EXERCISE PROMPT:
When you reproduce the data, keep every word exactly as it stands and leave the pictures out.

DATA BLOCK:

- Opening Delimiter -

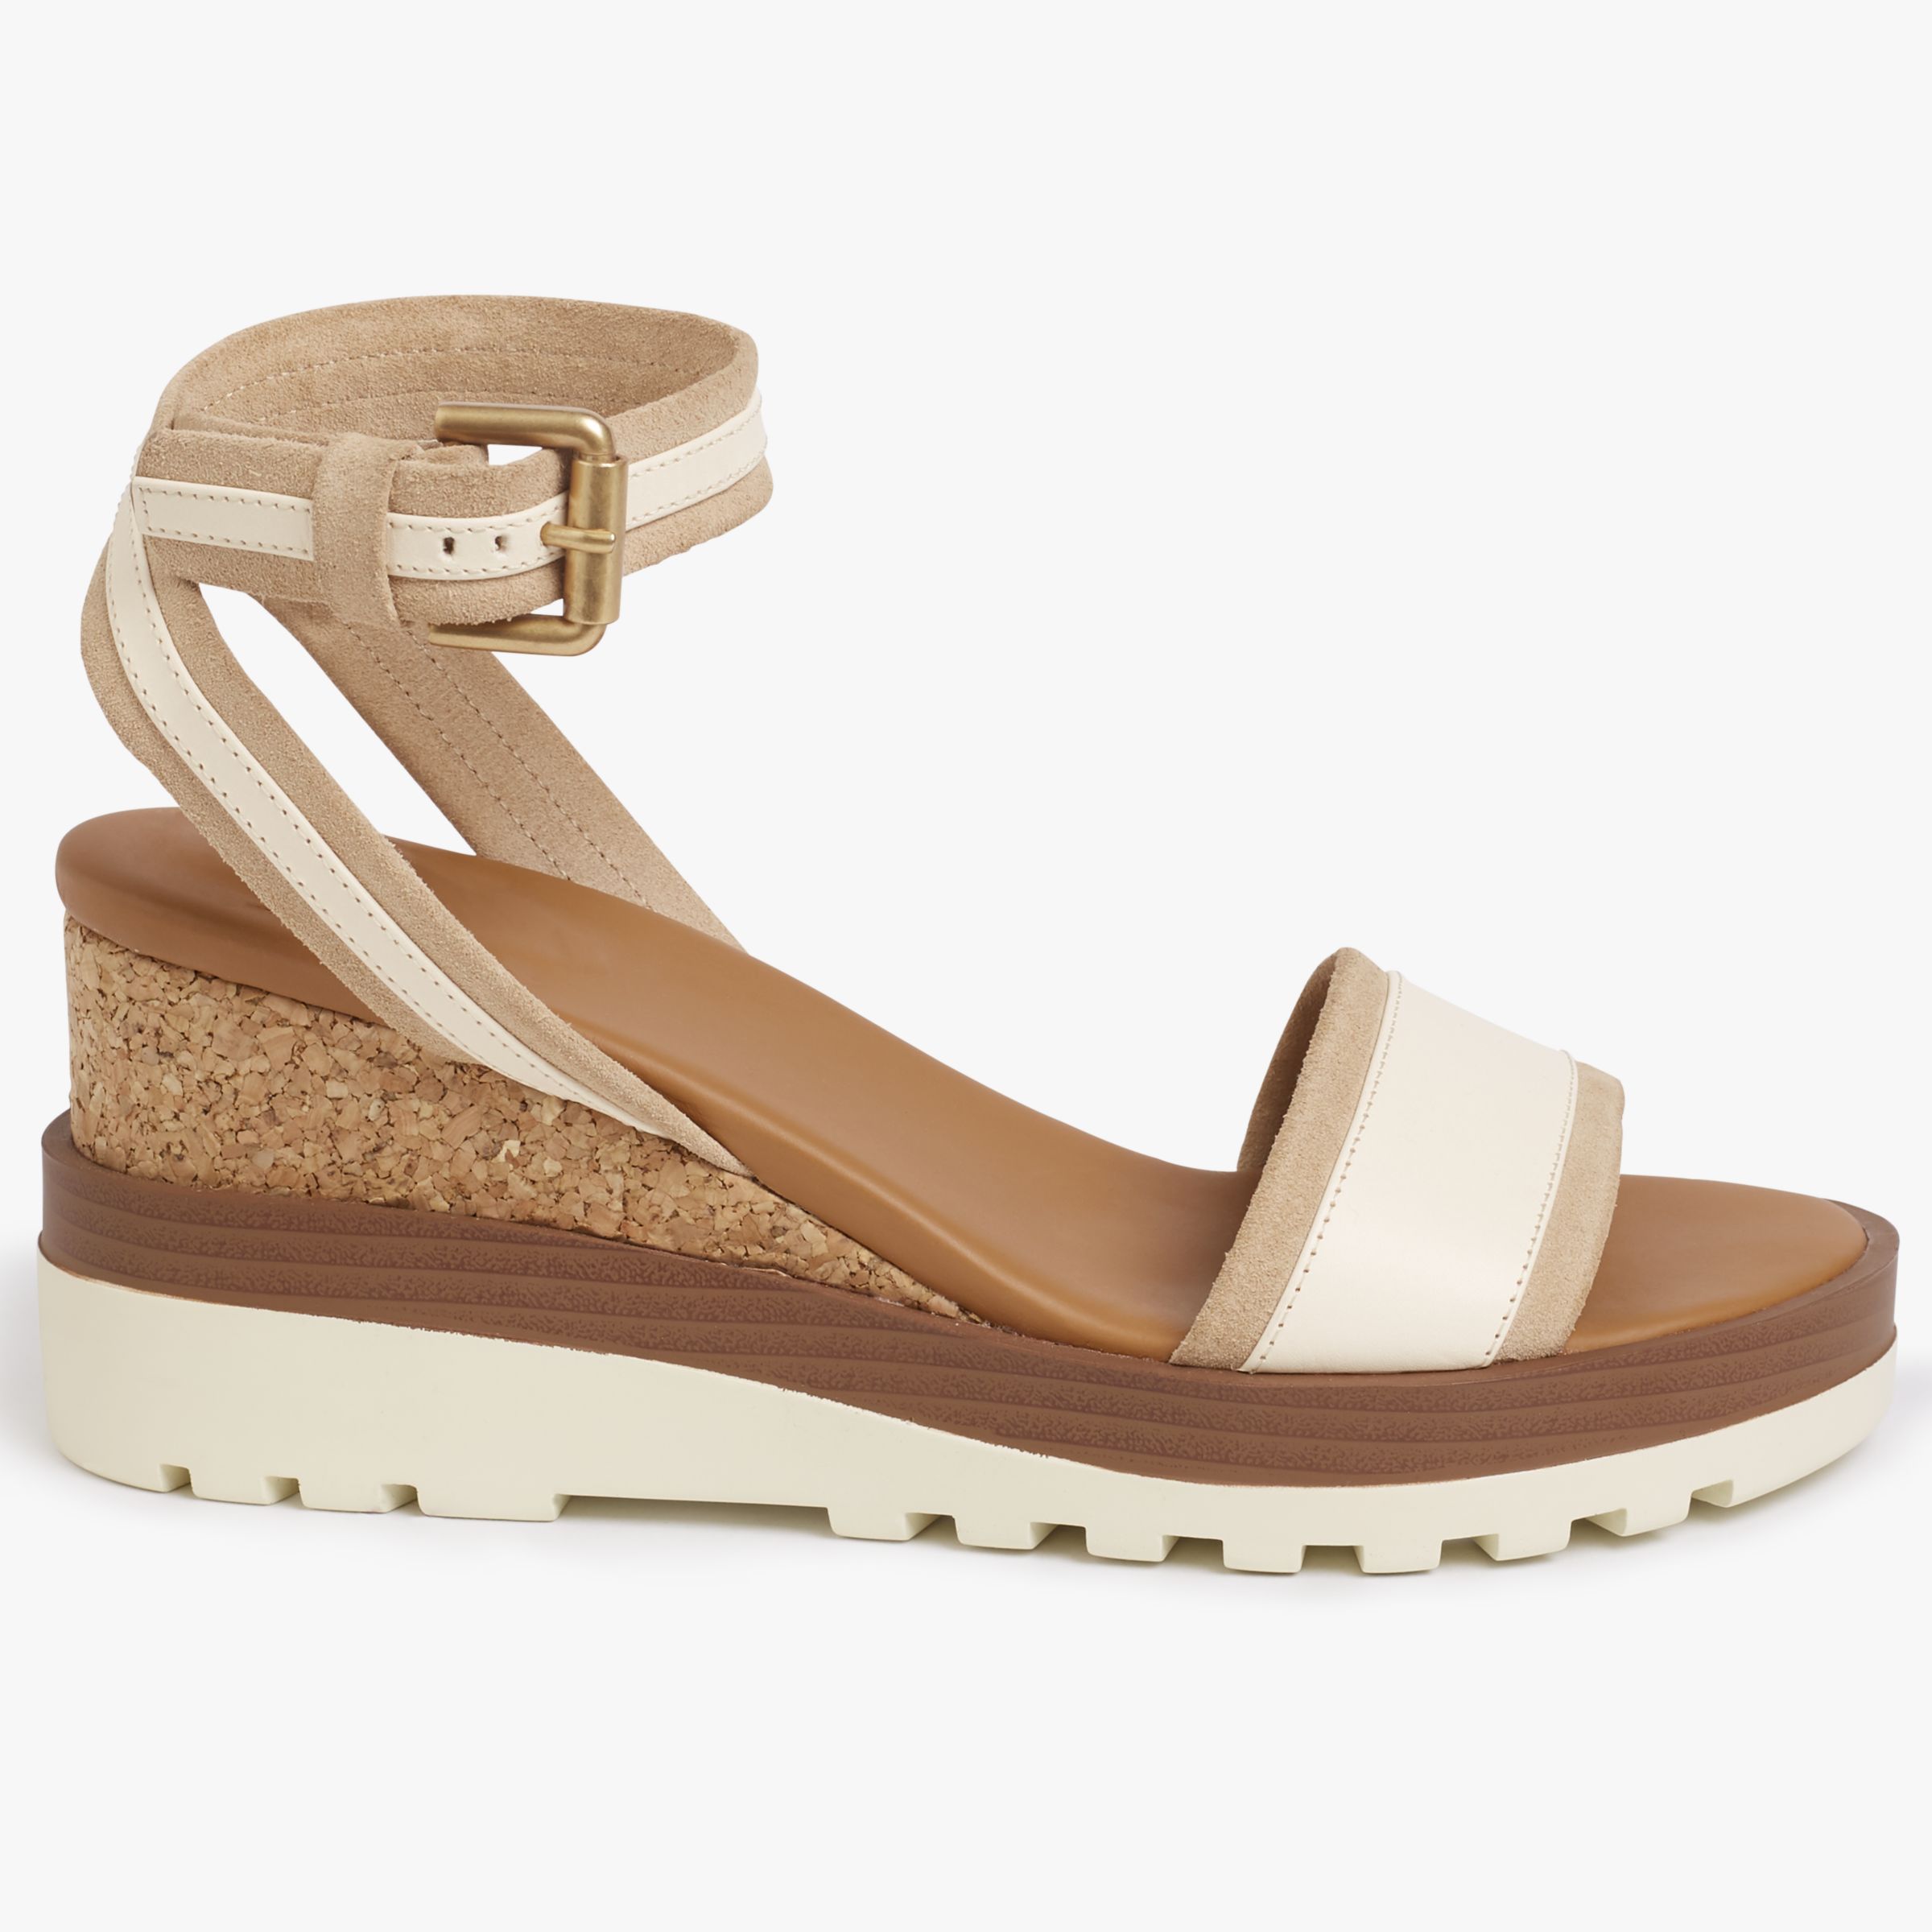 See by Chloé Robin Wedge Sandals, Cream at John Lewis & Partners
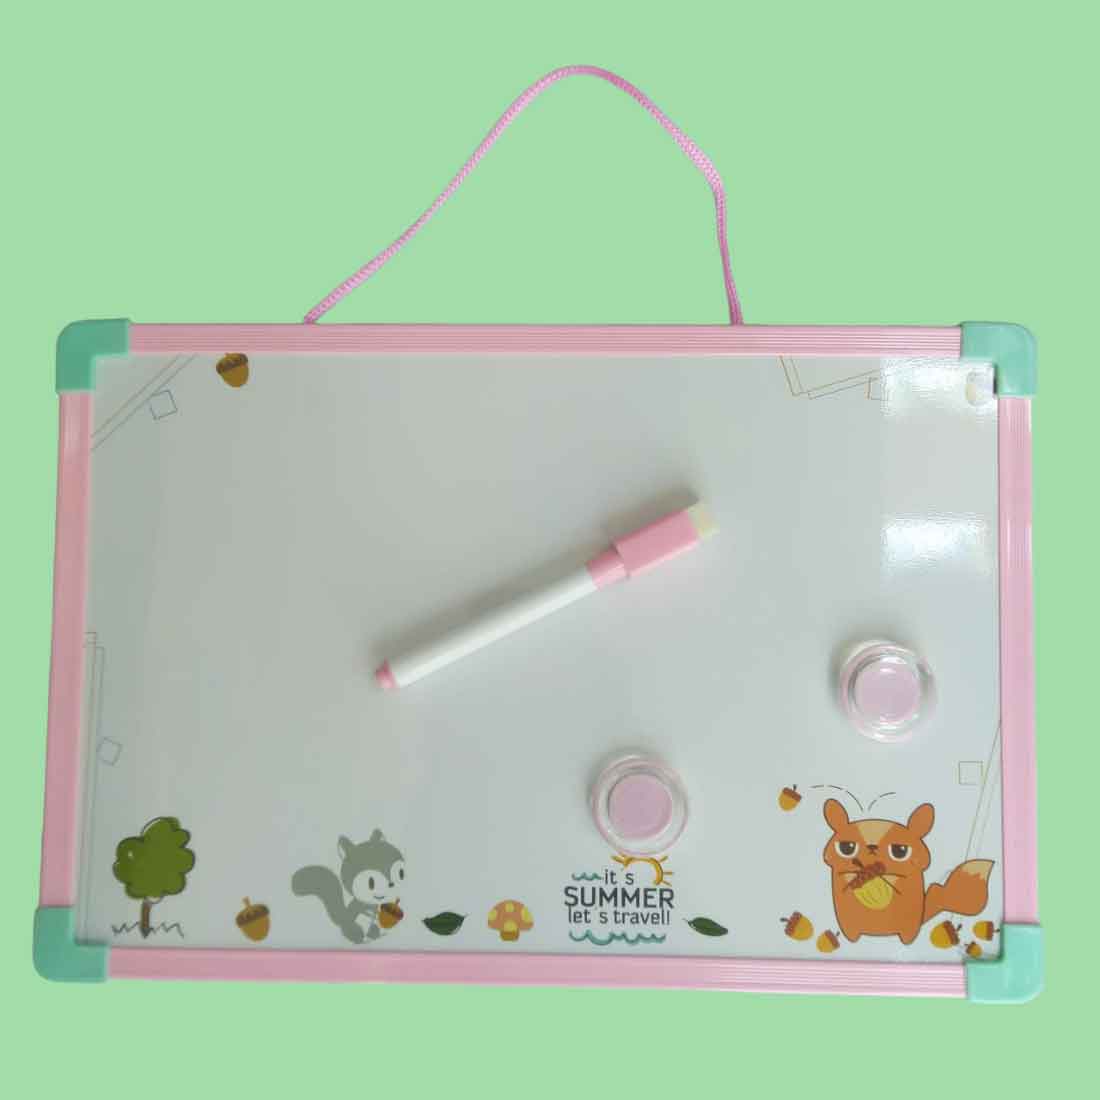 White Board Double Side with Magnetic Marker, Duster & 2 Magnetic Buttons | Marker Board | Weekly Plan Memo Board - For Kids Study
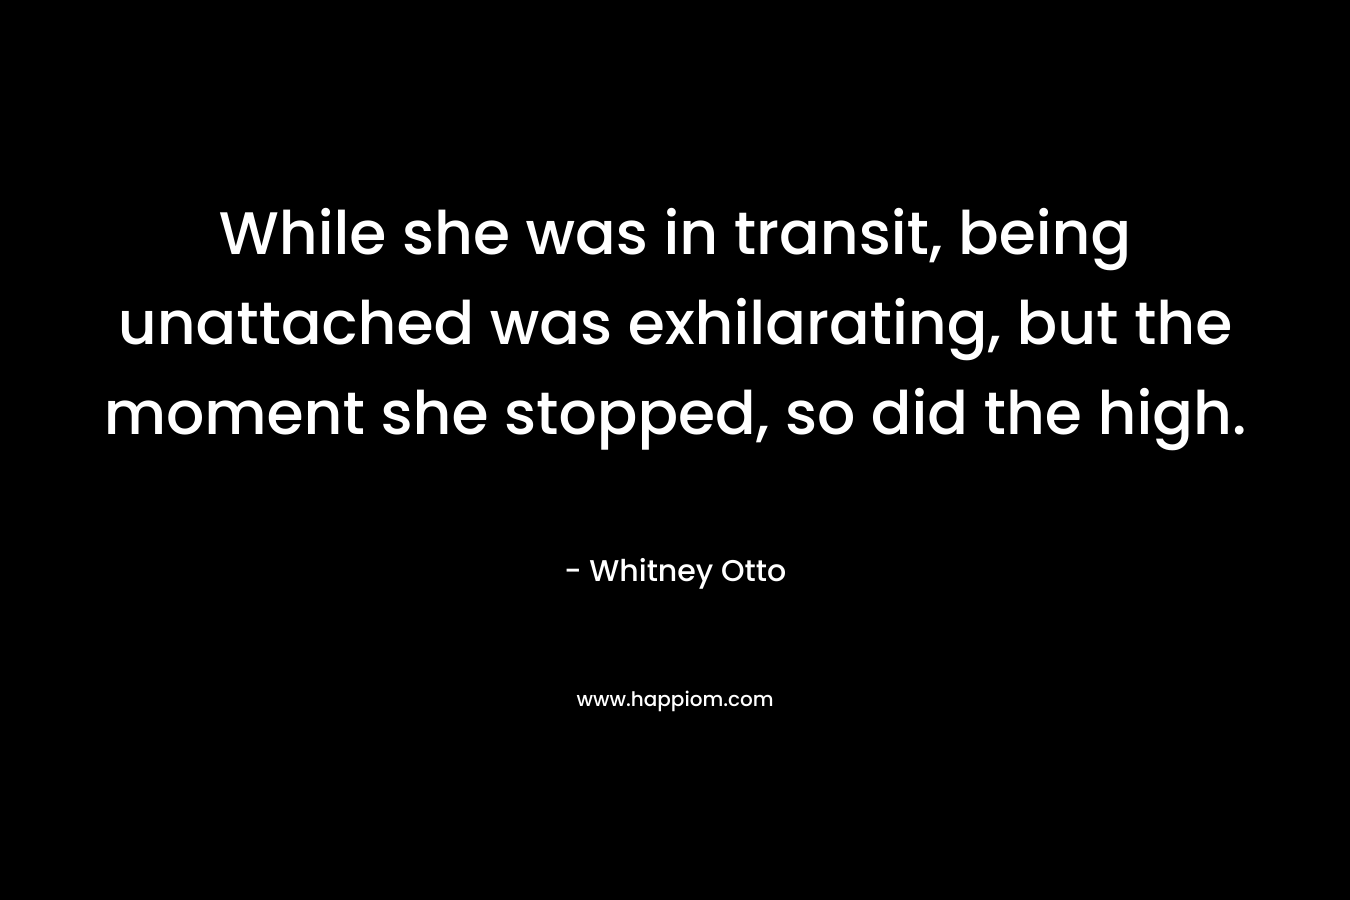 While she was in transit, being unattached was exhilarating, but the moment she stopped, so did the high. – Whitney Otto

- Closing Delimiter -

WRITTEN RESPONSE:
 See by Chloé Robin Wedge Sandals, Cream at John Lewis & Partners
 White Board Double Side with Magnetic Marker, Duster & 2 Magnetic Buttons | Marker Board | Weekly Plan Memo Board - For Kids Study
 While she was in transit, being unattached was exhilarating, but the moment she stopped, so did the high. – Whitney Otto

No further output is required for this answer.